Probability Distributions and their Stories

Given any module that deals with statistics, one basic skill you must have is to be able to program and create plots of probability distributions typically encountered in the field of data science. This tutorial should remind you of various distributions introduced in this section, but now they are phrased using the scipy.stats module.

Continuous distributions

Inverse Gamma distribution

Story. If $x$ is Gamma distributed, then $1/x$ is Inverse Gamma distributed.
Parameters. The number of arrivals, $α$ , and the rate of arrivals, $β$ .
Support. The Inverse Gamma distribution is supported on the set of positive real numbers.
Probability density function.

$\begin{align}f(y;\alpha, \beta) = \frac{1}{\Gamma(\alpha)}\,\frac{\beta^\alpha}{y^{(\alpha+1)}}\,\mathrm{e}^{-\beta/ y}\end{align}$
Usage

Package	Syntax
NumPy	`1 / np.random.gamma(alpha, 1/beta)`
SciPy	`scipy.stats.invgamma(alpha, loc=0, scale=beta)
Stan	`inv_gamma(alpha, beta)`

Notes.
- The Inverse Gamma distribution is useful as a prior for positive parmeters. It imparts a quite heavy tail and keeps probability further from zero than the Gamma distribution.
- The numpy.random module does not have a function to sample directly from the Inverse Gamma distribution, but it can be achieved by sampling out of a Gamma distribution as shown in the NumPy usage above.

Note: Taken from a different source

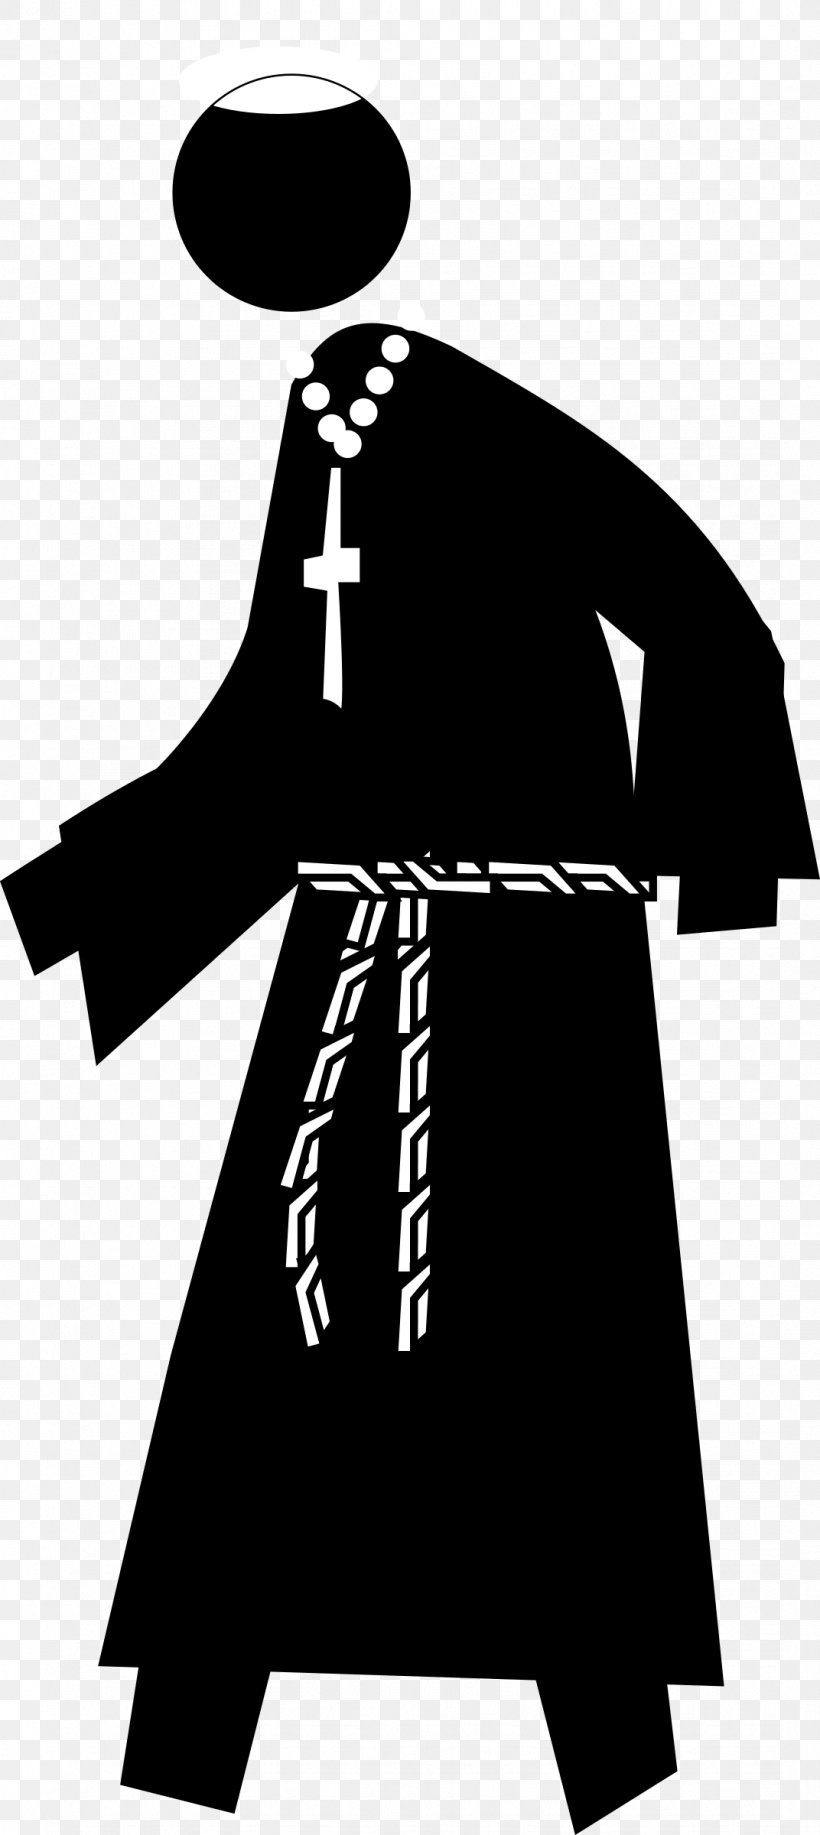 Monk Cartoon, PNG, 1072x2400px, Monk, Black, Black And White, Cartoon, Christianity Download Free

params = [dict(name='α', start=0.01, end=2, value=0.5, step=0.01),
          dict(name='β', start=0.1, end=2, value=1, step=0.01)]
app = distribution_plot_app(x_min=0,
                            x_max=20,
                            scipy_dist=st.invgamma,
                            params=params, 
                            transform=lambda alpha, beta: (alpha, 0, beta),
                            x_axis_label='y',
                            title='Inverse Gamma')

bokeh.io.show(app, notebook_url=notebook_url)